> Exercise objective
Would you print only the lines running from the one with "Adidas Power Backpack. 2" to the final line of the data below, word for word and without pictures?

> Stored data
++++
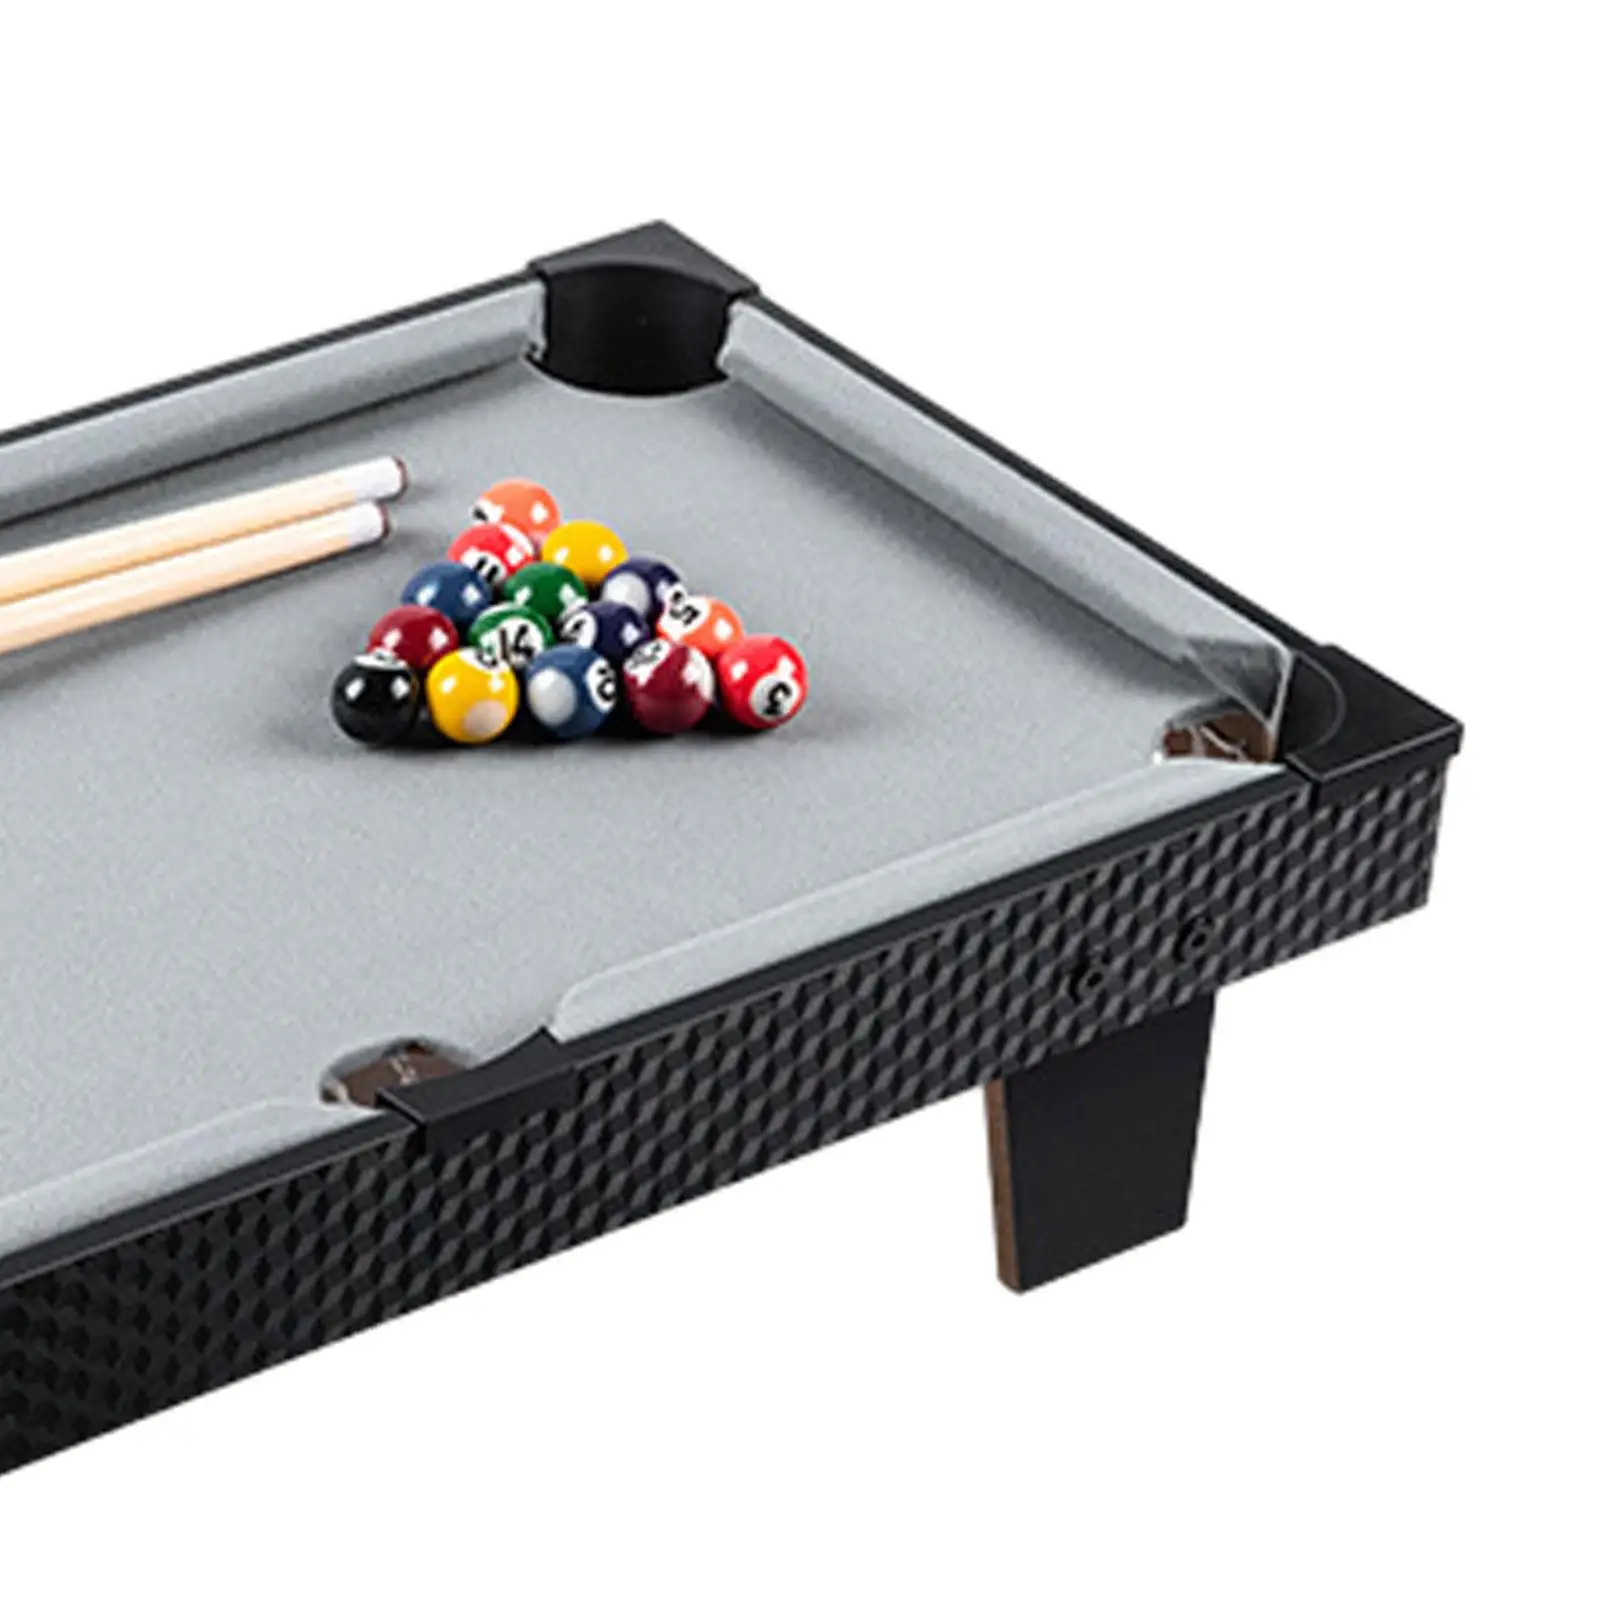 Premium Wooden Pool Table Set - Sturdy Tabletop Billiards for Family Fun
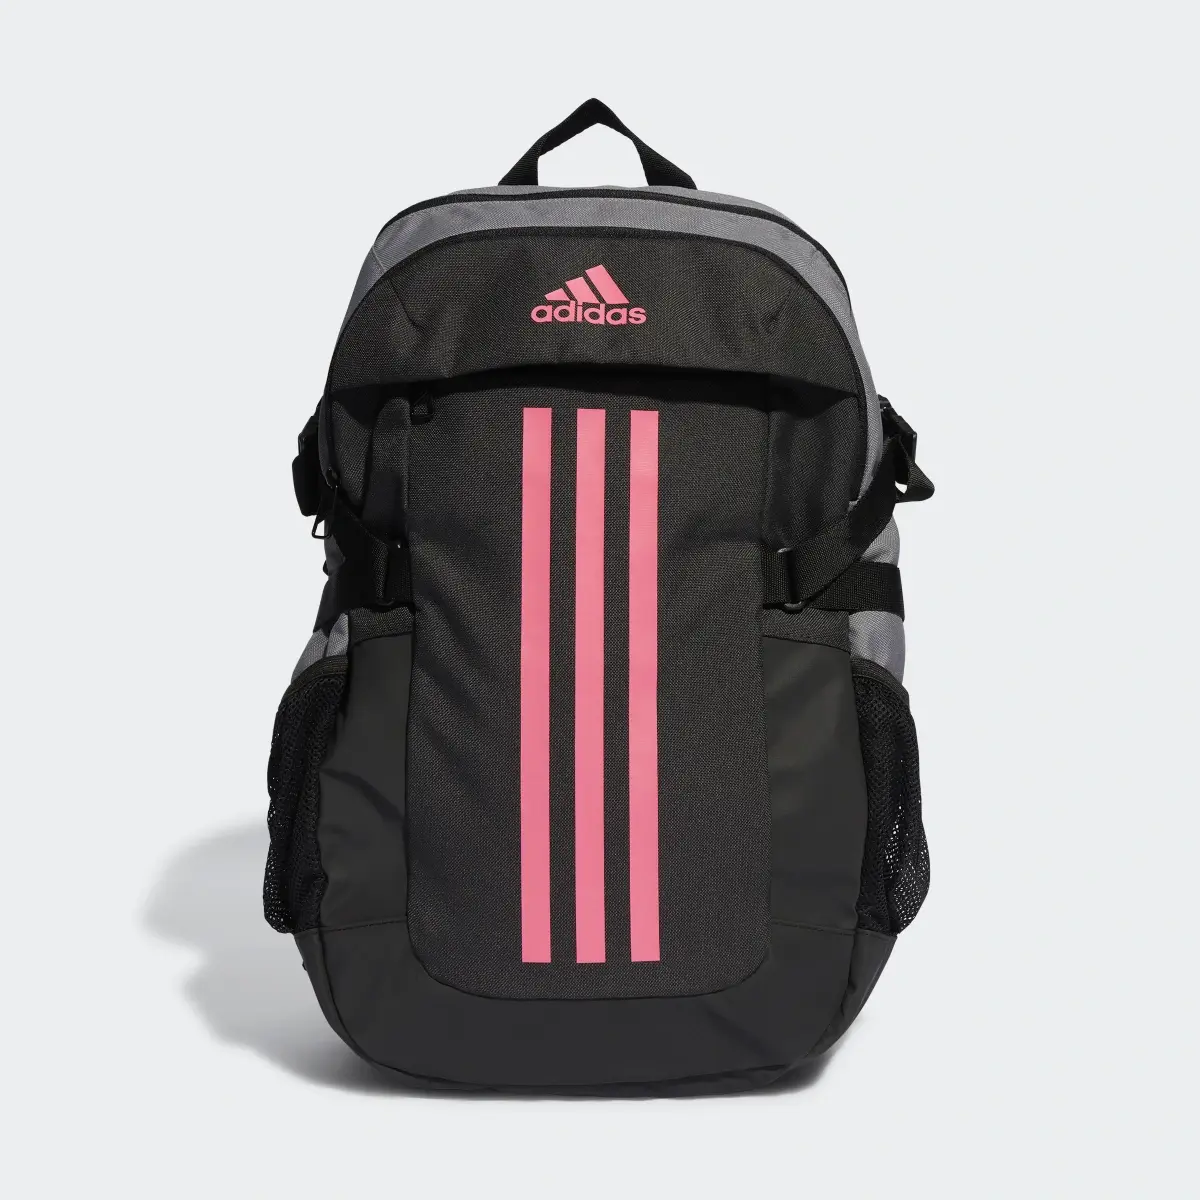 Adidas Power Backpack. 2
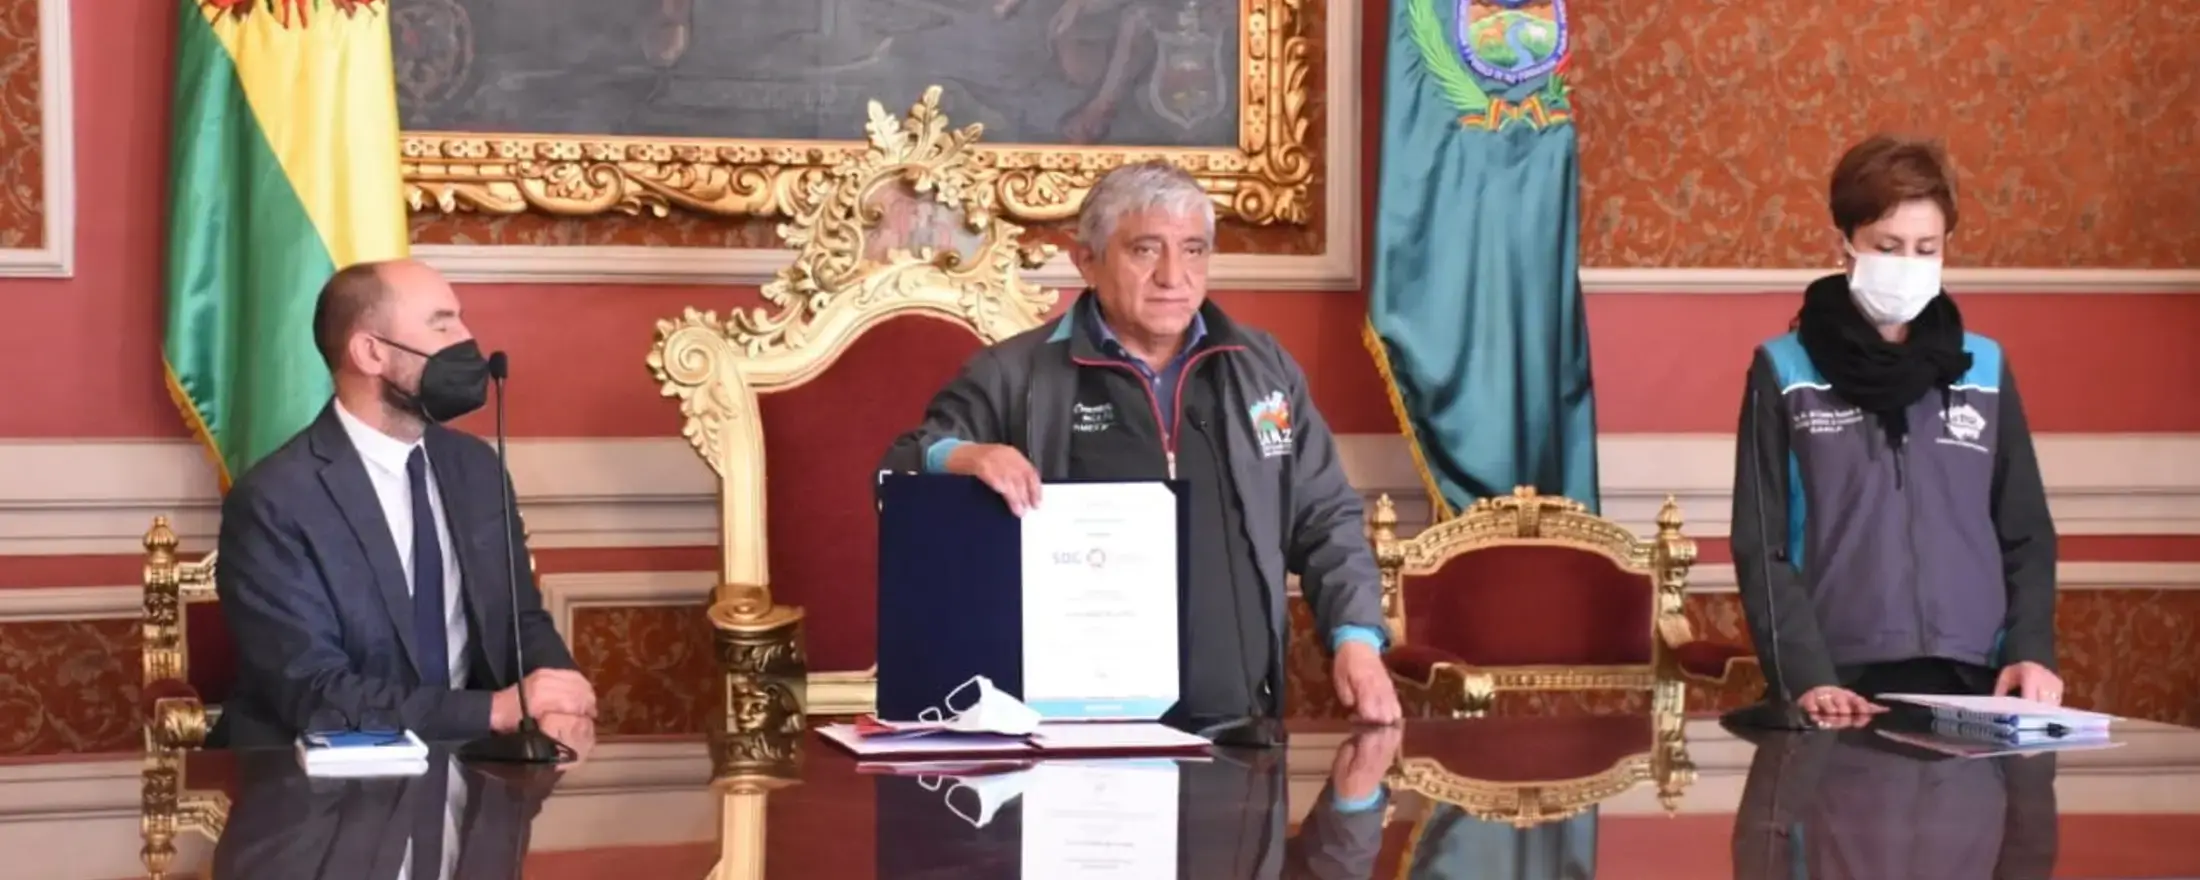 La Paz, the first city in Latin America and the Caribbean to receive Silver Certification
++++
> Exercise result
 Adidas Power Backpack. 2
 La Paz, the first city in Latin America and the Caribbean to receive Silver Certification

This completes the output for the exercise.